As reported by Bisnis Bali, the government is accused of a failure to contemplate the effects of its food policy decisions, as exemplified by recent decision banning the import of beef into Indonesia, making Indonesia among the most expensive place to purchase beef.
With beef prices exceeding Rp. 80,000 (US$8) per kilogram, observers are saying the high prices demonstrate the abysmally poor planning of government agencies.
In Bali the negative effects of the ban on beef imports have been far reaching. High beef prices have seen farmers sell almost all the cattle, including even breeding stocks. Cattle populations on the Island are at an all time low. The chief of the Livestock Service (Dinas Paternakan) in Tabanan, Ni Ketut Warsiki, said: “Farmers are selling their cattle, but they are not buying new breeding stock because of high prices.”

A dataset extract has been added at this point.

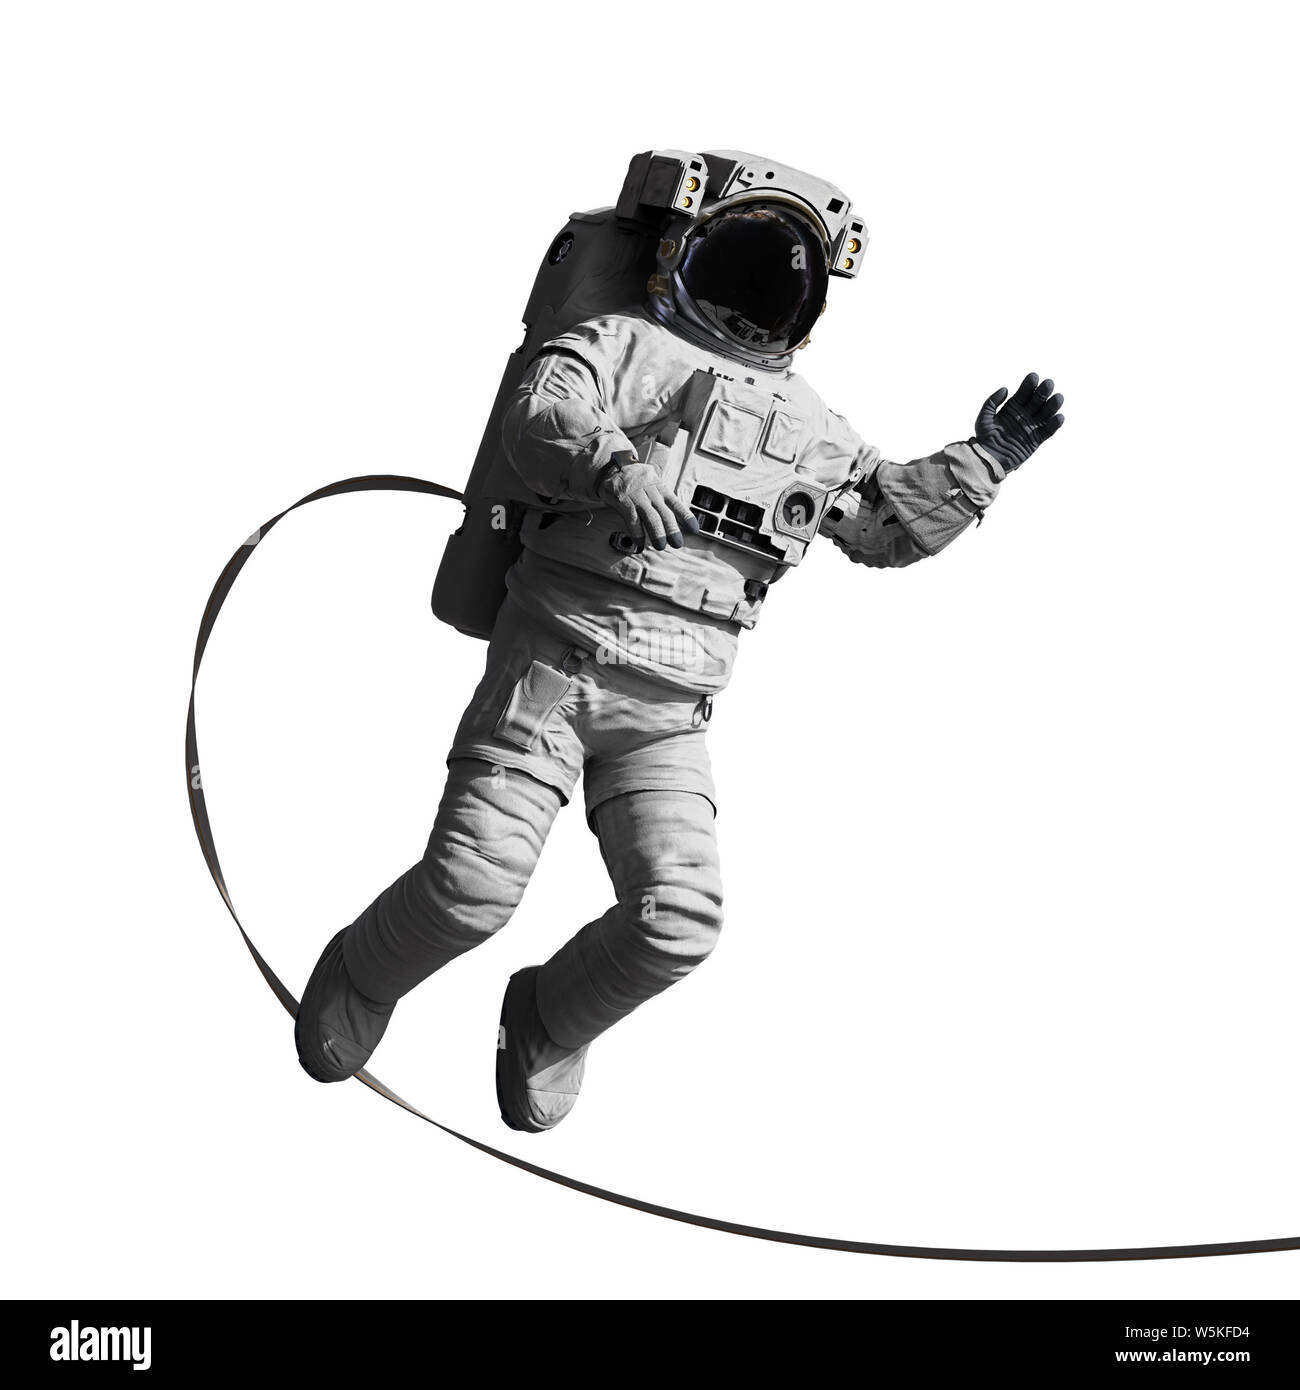 L'astronaute marcher dans l'espace, isolé sur fond blanc Banque D'Images

Poor public policy is also reflected in the cost and availability of other agricultural products. Since January, the government has banned the import of 13 horticultural products. As a result, the cost of many produce items have skyrocketed at local markets.
The 13 items banned from importation during the period January – June 2013 include potatoes, cabbage, carrots, chilies, pineapples, melons, bananas, mangoes, papaya, during, chrysanthemums, orchids and heliconia.
The newspaper report points to chilies costs that have risen by a factor of 10-15 time to as much as Rp. 150,000 per kilogram.
Despite claiming to be an agricultural county, Indonesia is now a major importer of rice, vegetables and fruit further underlying the widespread perception that Indonesia lacks a comprehensive plan and strategy in agricultural food production.